Output the entries underneath exactly as they are.
*** DATA IN THIS EXERCISE Section Begins ***
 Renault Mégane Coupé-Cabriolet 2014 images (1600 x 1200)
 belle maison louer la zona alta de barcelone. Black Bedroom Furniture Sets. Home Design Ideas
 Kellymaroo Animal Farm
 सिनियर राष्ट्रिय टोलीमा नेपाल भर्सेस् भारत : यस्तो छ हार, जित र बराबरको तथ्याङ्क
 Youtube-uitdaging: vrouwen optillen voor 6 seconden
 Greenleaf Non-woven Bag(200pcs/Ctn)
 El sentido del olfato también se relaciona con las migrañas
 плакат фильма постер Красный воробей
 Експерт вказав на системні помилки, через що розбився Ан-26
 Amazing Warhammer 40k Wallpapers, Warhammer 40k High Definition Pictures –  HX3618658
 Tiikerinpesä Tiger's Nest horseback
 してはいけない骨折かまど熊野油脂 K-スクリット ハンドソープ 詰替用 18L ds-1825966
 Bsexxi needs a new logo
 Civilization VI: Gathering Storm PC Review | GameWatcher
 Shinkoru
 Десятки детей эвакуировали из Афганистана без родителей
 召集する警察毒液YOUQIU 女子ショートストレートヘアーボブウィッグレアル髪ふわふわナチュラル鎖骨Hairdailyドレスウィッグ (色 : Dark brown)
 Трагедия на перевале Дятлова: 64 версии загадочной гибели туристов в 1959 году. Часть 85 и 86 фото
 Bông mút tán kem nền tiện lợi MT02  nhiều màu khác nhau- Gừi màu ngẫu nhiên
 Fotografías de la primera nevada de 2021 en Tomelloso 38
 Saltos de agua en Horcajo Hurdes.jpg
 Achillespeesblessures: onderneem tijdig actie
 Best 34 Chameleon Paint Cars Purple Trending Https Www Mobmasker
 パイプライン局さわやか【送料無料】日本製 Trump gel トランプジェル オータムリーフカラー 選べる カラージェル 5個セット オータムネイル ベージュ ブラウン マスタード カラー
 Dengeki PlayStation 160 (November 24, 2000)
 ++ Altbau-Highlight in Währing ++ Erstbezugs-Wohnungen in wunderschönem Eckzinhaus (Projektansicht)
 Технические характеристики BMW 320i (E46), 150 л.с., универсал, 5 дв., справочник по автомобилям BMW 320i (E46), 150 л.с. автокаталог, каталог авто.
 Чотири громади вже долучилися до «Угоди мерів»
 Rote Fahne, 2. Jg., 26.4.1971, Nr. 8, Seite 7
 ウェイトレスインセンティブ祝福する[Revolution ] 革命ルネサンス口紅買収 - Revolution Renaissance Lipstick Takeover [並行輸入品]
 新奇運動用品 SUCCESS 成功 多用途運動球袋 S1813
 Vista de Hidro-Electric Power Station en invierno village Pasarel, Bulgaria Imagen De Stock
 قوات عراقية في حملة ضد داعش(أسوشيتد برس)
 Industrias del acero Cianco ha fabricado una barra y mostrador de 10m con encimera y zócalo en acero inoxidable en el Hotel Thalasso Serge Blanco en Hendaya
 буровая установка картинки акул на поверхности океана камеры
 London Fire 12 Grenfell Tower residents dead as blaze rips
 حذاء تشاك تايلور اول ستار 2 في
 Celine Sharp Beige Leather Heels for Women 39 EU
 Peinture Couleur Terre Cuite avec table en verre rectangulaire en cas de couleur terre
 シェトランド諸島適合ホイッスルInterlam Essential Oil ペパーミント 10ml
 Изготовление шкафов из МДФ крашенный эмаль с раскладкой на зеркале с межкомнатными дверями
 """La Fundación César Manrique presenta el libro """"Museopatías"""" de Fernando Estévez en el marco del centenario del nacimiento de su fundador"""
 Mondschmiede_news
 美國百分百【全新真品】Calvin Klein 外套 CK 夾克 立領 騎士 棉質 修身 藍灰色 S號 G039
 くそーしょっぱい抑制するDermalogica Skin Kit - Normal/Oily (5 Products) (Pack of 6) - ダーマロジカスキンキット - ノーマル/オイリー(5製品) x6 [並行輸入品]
*** DATA IN THIS EXERCISE Section Ends ***
ANSWER BOX:
 Renault Mégane Coupé-Cabriolet 2014 images (1600 x 1200)
 belle maison louer la zona alta de barcelone. Black Bedroom Furniture Sets. Home Design Ideas
 Kellymaroo Animal Farm
 सिनियर राष्ट्रिय टोलीमा नेपाल भर्सेस् भारत : यस्तो छ हार, जित र बराबरको तथ्याङ्क
 Youtube-uitdaging: vrouwen optillen voor 6 seconden
 Greenleaf Non-woven Bag(200pcs/Ctn)
 El sentido del olfato también se relaciona con las migrañas
 плакат фильма постер Красный воробей
 Експерт вказав на системні помилки, через що розбився Ан-26
 Amazing Warhammer 40k Wallpapers, Warhammer 40k High Definition Pictures –  HX3618658
 Tiikerinpesä Tiger's Nest horseback
 してはいけない骨折かまど熊野油脂 K-スクリット ハンドソープ 詰替用 18L ds-1825966
 Bsexxi needs a new logo
 Civilization VI: Gathering Storm PC Review | GameWatcher
 Shinkoru
 Десятки детей эвакуировали из Афганистана без родителей
 召集する警察毒液YOUQIU 女子ショートストレートヘアーボブウィッグレアル髪ふわふわナチュラル鎖骨Hairdailyドレスウィッグ (色 : Dark brown)
 Трагедия на перевале Дятлова: 64 версии загадочной гибели туристов в 1959 году. Часть 85 и 86 фото
 Bông mút tán kem nền tiện lợi MT02  nhiều màu khác nhau- Gừi màu ngẫu nhiên
 Fotografías de la primera nevada de 2021 en Tomelloso 38
 Saltos de agua en Horcajo Hurdes.jpg
 Achillespeesblessures: onderneem tijdig actie
 Best 34 Chameleon Paint Cars Purple Trending Https Www Mobmasker
 パイプライン局さわやか【送料無料】日本製 Trump gel トランプジェル オータムリーフカラー 選べる カラージェル 5個セット オータムネイル ベージュ ブラウン マスタード カラー
 Dengeki PlayStation 160 (November 24, 2000)
 ++ Altbau-Highlight in Währing ++ Erstbezugs-Wohnungen in wunderschönem Eckzinhaus (Projektansicht)
 Технические характеристики BMW 320i (E46), 150 л.с., универсал, 5 дв., справочник по автомобилям BMW 320i (E46), 150 л.с. автокаталог, каталог авто.
 Чотири громади вже долучилися до «Угоди мерів»
 Rote Fahne, 2. Jg., 26.4.1971, Nr. 8, Seite 7
 ウェイトレスインセンティブ祝福する[Revolution ] 革命ルネサンス口紅買収 - Revolution Renaissance Lipstick Takeover [並行輸入品]
 新奇運動用品 SUCCESS 成功 多用途運動球袋 S1813
 Vista de Hidro-Electric Power Station en invierno village Pasarel, Bulgaria Imagen De Stock
 قوات عراقية في حملة ضد داعش(أسوشيتد برس)
 Industrias del acero Cianco ha fabricado una barra y mostrador de 10m con encimera y zócalo en acero inoxidable en el Hotel Thalasso Serge Blanco en Hendaya
 буровая установка картинки акул на поверхности океана камеры
 London Fire 12 Grenfell Tower residents dead as blaze rips
 حذاء تشاك تايلور اول ستار 2 في
 Celine Sharp Beige Leather Heels for Women 39 EU
 Peinture Couleur Terre Cuite avec table en verre rectangulaire en cas de couleur terre
 シェトランド諸島適合ホイッスルInterlam Essential Oil ペパーミント 10ml
 Изготовление шкафов из МДФ крашенный эмаль с раскладкой на зеркале с межкомнатными дверями
 """La Fundación César Manrique presenta el libro """"Museopatías"""" de Fernando Estévez en el marco del centenario del nacimiento de su fundador"""
 Mondschmiede_news
 美國百分百【全新真品】Calvin Klein 外套 CK 夾克 立領 騎士 棉質 修身 藍灰色 S號 G039
 くそーしょっぱい抑制するDermalogica Skin Kit - Normal/Oily (5 Products) (Pack of 6) - ダーマロジカスキンキット - ノーマル/オイリー(5製品) x6 [並行輸入品]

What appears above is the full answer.